HW 01: Gun Violence

Total: 100 points

Due: June 2, 11:59pm

Introduction

Gun violence in the US results in tens of thousands of deaths and injuries annually, and every year it seems as if the number of incidents involving guns increases. At the time of creating this lab, the US has experienced 268 mass shootings that fit the Mass Shooting Tracker project criterion in this year alone. Their criterion for a mass shooting is one in which four or more persons shot in one incident, at one location, at roughly the same time. We are going to examine some data from 2014-2017 about gun violence incidents in the US. The data are obtained from Kaggle, and have been slightly modified.
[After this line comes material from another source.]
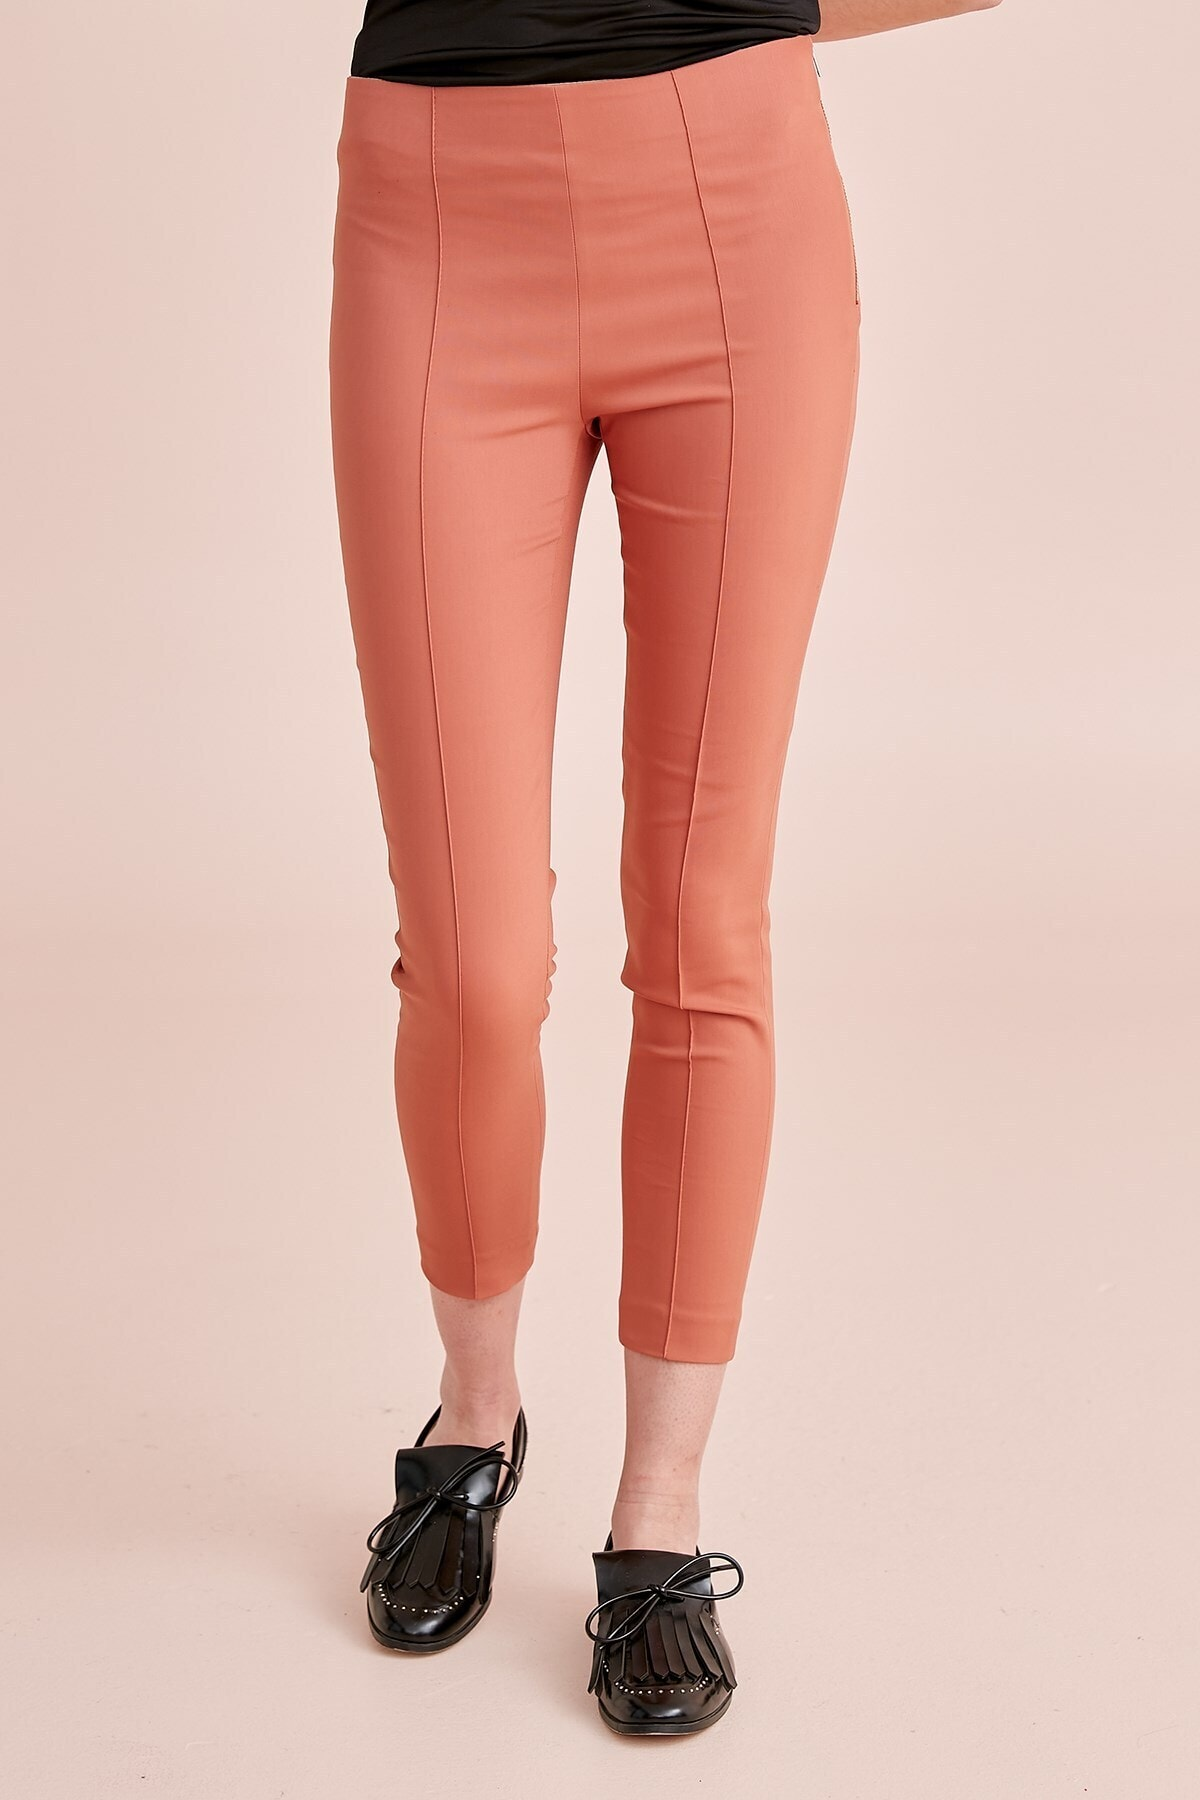 Pantolon -ütü Hattı Dikiş Detaylı, Yandan Fermuar Detaylı, Tayt

We will also be using data about the U.S. Census and gun laws.

Getting started

Go to the course GitHub organization and locate your Lab 03 repo, which should be named hw-01-gun-violence-[GITHUB USERNAME]. Grab the URL of the repo, and clone it in RStudio. Don’t forget to configure git:

library(usethis)
usethis::use_git_config(user.name = "github username", user.email = "your email")

The variable descriptions are as follows:

Exercise 1

In which five cities or counties did the most incidents occur? Answer the question using pipes (%>%) and the tidyverse functions we’ve discussed. Show your code and output and state your answer in a sentence.

Exercise 2

While there are a variety of definitions of mass shootings, one definition is “any incidents in which four or more people were shot, whether injured or killed”. Based on this definition, display the 10 incidents that meet this definition of mass shooting in descending order of number of people shot. Only display the date, state, city or county, and number of people.

Exercise 3

Let’s examine which days of the year are most common for gun violence. Display a table of the top six days of the year with highest number of total incidents, displayed in descending order. Comment on what you notice.

Exercise 4

Create a data frame called state_incidents where each row is an observation with a state and its total number of incidents.

Exercise 5

Hint: Use the reorder() function while plotting.

Hint: Use the stat = “identity” in your geom_() function. This lets us override the default option of just plotting the total counts.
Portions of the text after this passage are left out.